Let’s Talk About Drugs National Youth Media Awards
Students from Athlone Institute of Technology swept up a plethora of awards at the 2018 DRUGS.ie ‘Let’s Talk About Drugs’ National Youth Media Awards. The college’s first year Pharmacy Technician class were recognised in their age categories for their submissions on club drugs and performance and image enhancing drugs.
AIT’s Shauna Finnegan scooped up the winning prize in the 18-21 category with a piece delineating the dangers of taking club drugs, the club culture that encourages drug use, and the significant links between substance abuse and poor mental health. Shauna also discusses how peer pressure and a desire to ‘fit in’ can drive people to engage in illicit drug use and other such risky behaviour.
Shauna’s classmate, Killian Donnellan, came runner up in the 22-25 category with an article looking at the risks associated with performance and image enhancing drugs (PIEDs).

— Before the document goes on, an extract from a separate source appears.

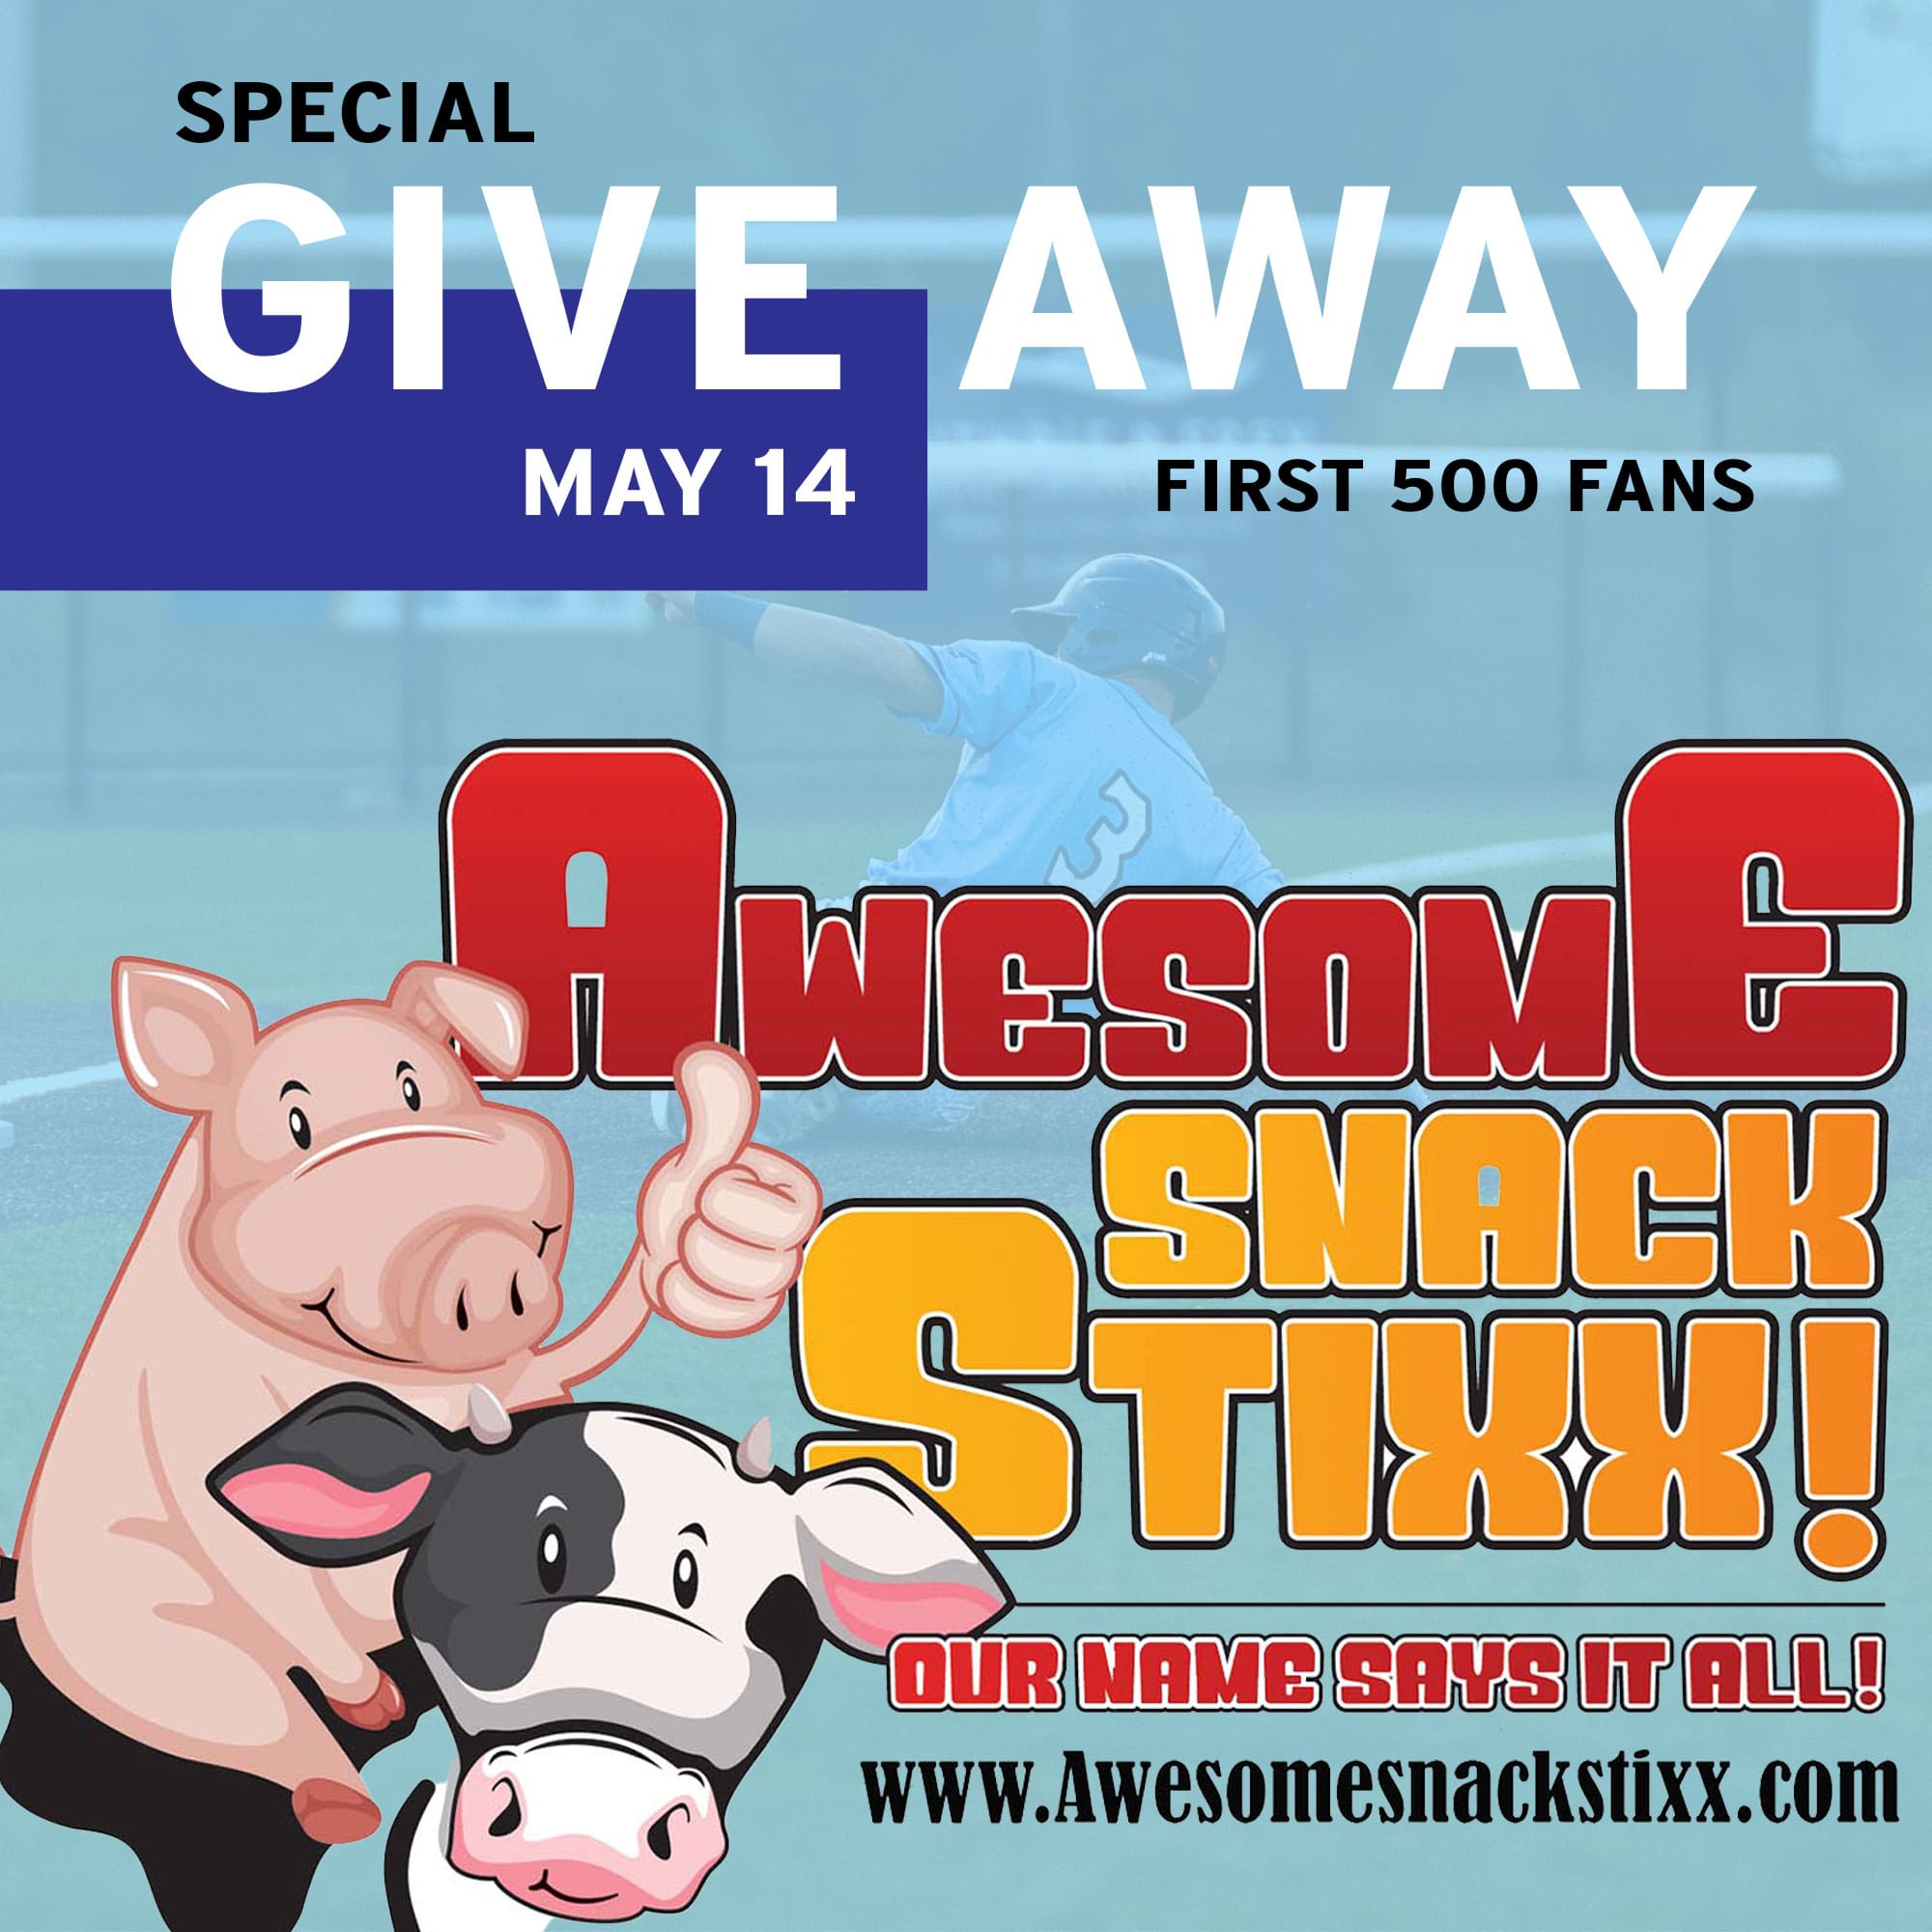 Awesome Snack Stixx Give away

PIED use has gone mainstream, he writes and is most commonly taken by young males to either superficially improve appearance or boost athletic performance. Killian recommends that people educate themselves on the long-term ramifications of taking PIEDs such as liver damage, mood swings and increased irritability, and cardiovascular problems.
Honourable mentions also went to AIT students Jennifer Byrne and Megan Corcoran. Jennifer’s entry on performance and image enhancing drugs looks at another, often less spoken about, facet of PIED use-the image-enhancing aspect. The first year Pharmacy Technician student writes from the perspective of weight-conscious young woman whose preoccupation with losing weight causes her to overdose on so-called fat-binding capsules causing her to collapse.
Her classmate, Megan writes about the dangers and prevalence of club drugs, discussing how psychoactive drugs, i.e. drugs that affect the mind and behaviour of an individual, are sometimes used to spike drinks due to the prevalence of odourless and tasteless club drugs like GHB and Rohypnol. Megan believes more education is needed on the topic of club drugs and recommends that social media be used to distribute information and to encourage an open dialogue on the subject.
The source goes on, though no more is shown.